The Dutch Safety Board was founded in 2005, is noted for its thoroughness and technical skill, and has conducted many aviation investigations. Its leader, Chairman Tjibbe Joustra, is a career politician and the national coordinator for security and counterterrorism. Given his experience in both aviation and national security, he would be an outstanding fit for the work.
It is vital that investigators get to the scene of the accident immediately. With unconfirmed reports that Ukrainian rebels are combing through the wreckage and may even have possession of the black box, security at the crash site must be established to preserve evidence and allow investigators to determine how and why this aircraft was shot down.

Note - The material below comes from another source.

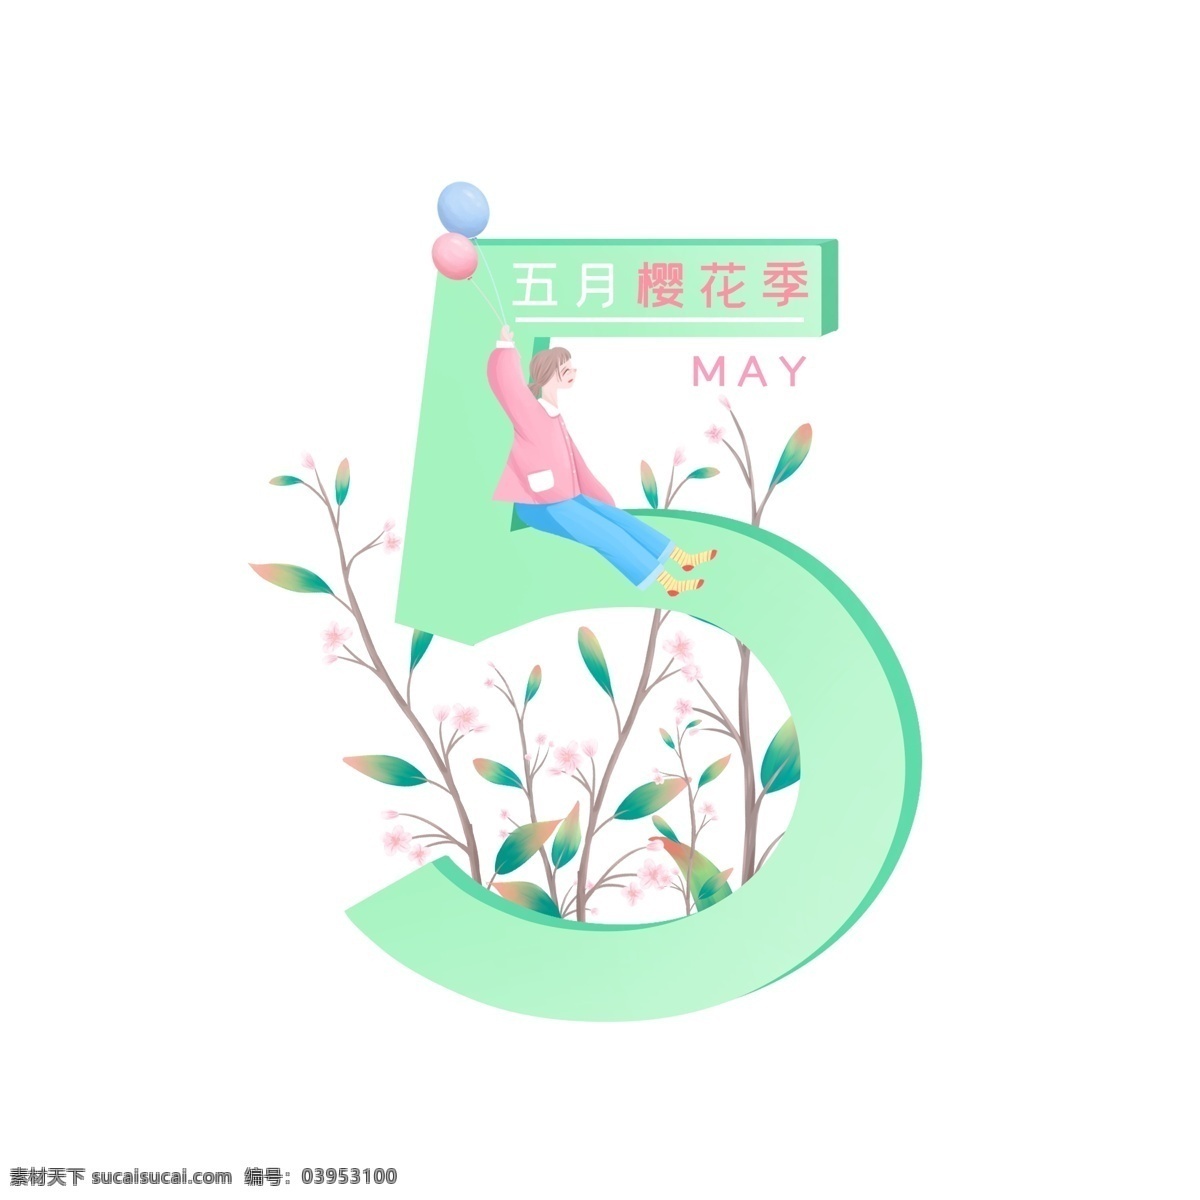 小 清新 五月 元素 樱花 季 春天 绿色 粉色 女孩 气球 树枝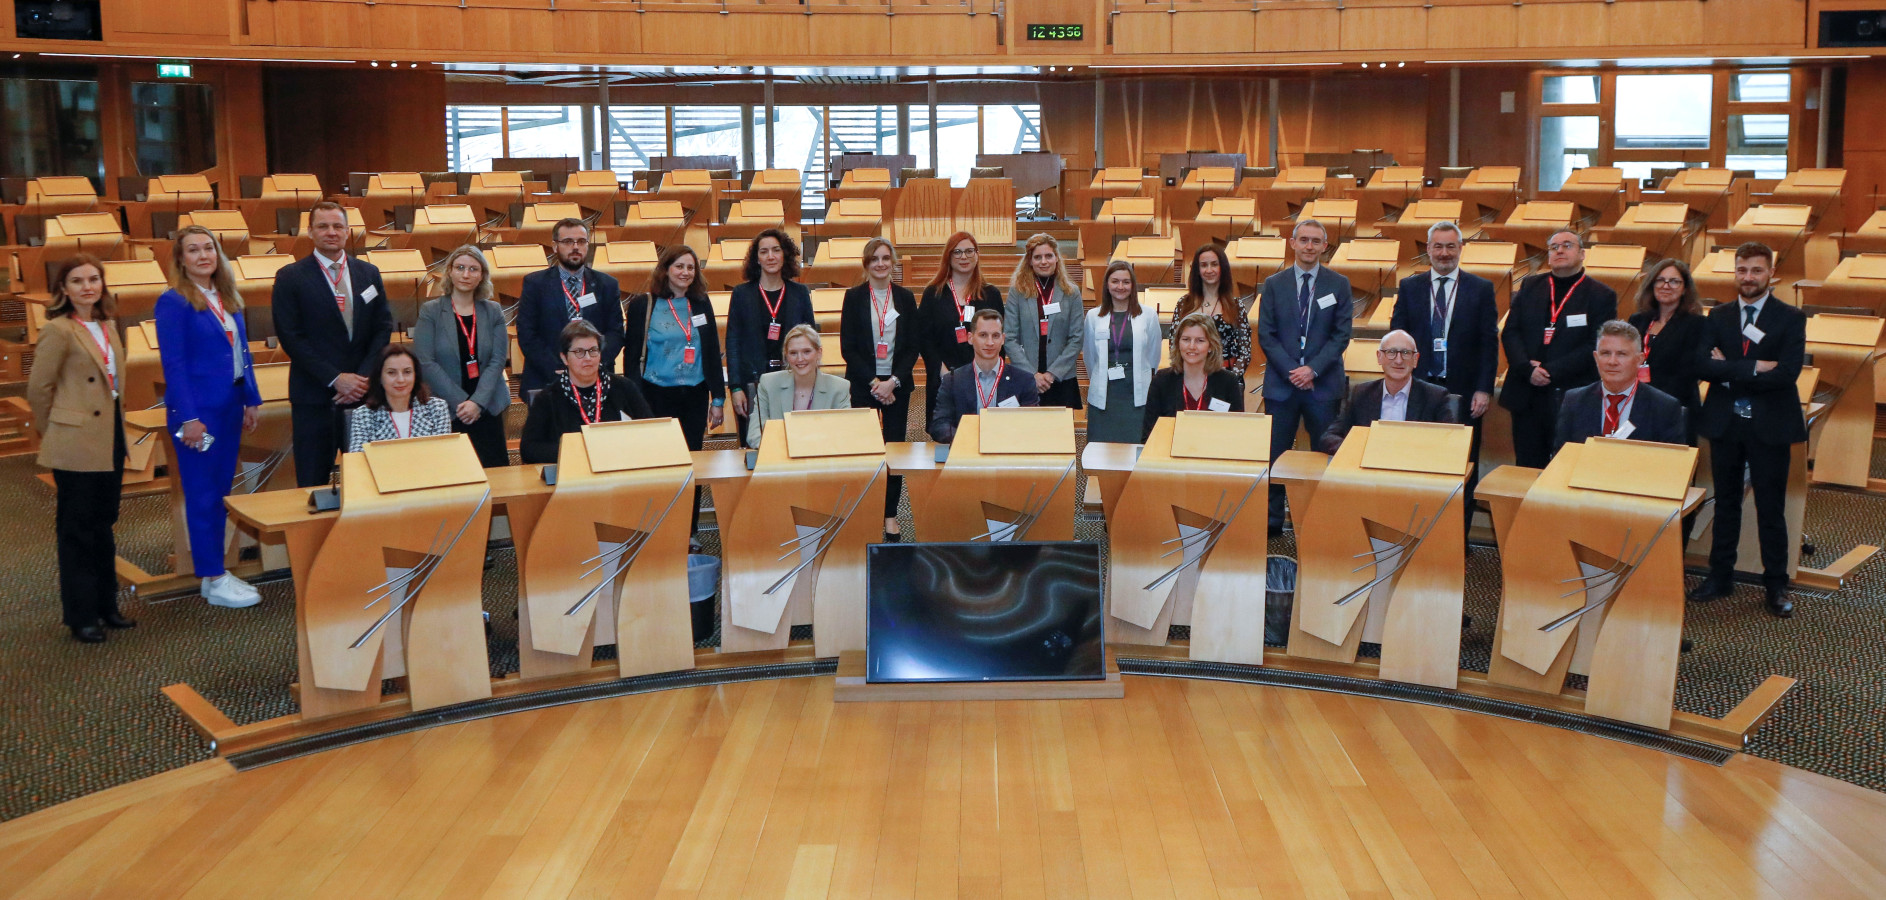 Los participantes de la conferencia, en la sede del Parlamento de Escocia

It is critical that investigators obtain possession of the cockpit voice recorder and flight data recorder, the "black box." As the NTSB did in the investigation of TWA 800 using black box data, a sound spectrum study can provide telling information on where on the aircraft and when the explosion occurred.
The Russians, the Ukrainians and the rebels should commit immediately to full transparency and to guaranteeing the complete safety of the investigative team. Anything short of that should bring immediate world condemnation and a denial of landing rights for flights originating in their respective countries.
This is more than just an investigation of an aviation accident. Our global economy is greatly dependent on aviation. People are able to access the farthest corners of the globe for business and family purposes with remarkable speed and unprecedented safety. If there is an ongoing threat that commercial airliners will be shot down, our global commerce will slow to a halt. In the United States alone, 97.5 million passengers flew internationally on U.S. airlines in 2013.
The United Nations is meeting today on the MH17 tragedy, and it needs to show strong leadership to ensure that a true independent investigation is immediately launched.
The world's countries must stand up for safe and secure global travel, and by demanding a transparent and unfettered international investigation, they will take the first step in bringing those responsible to justice.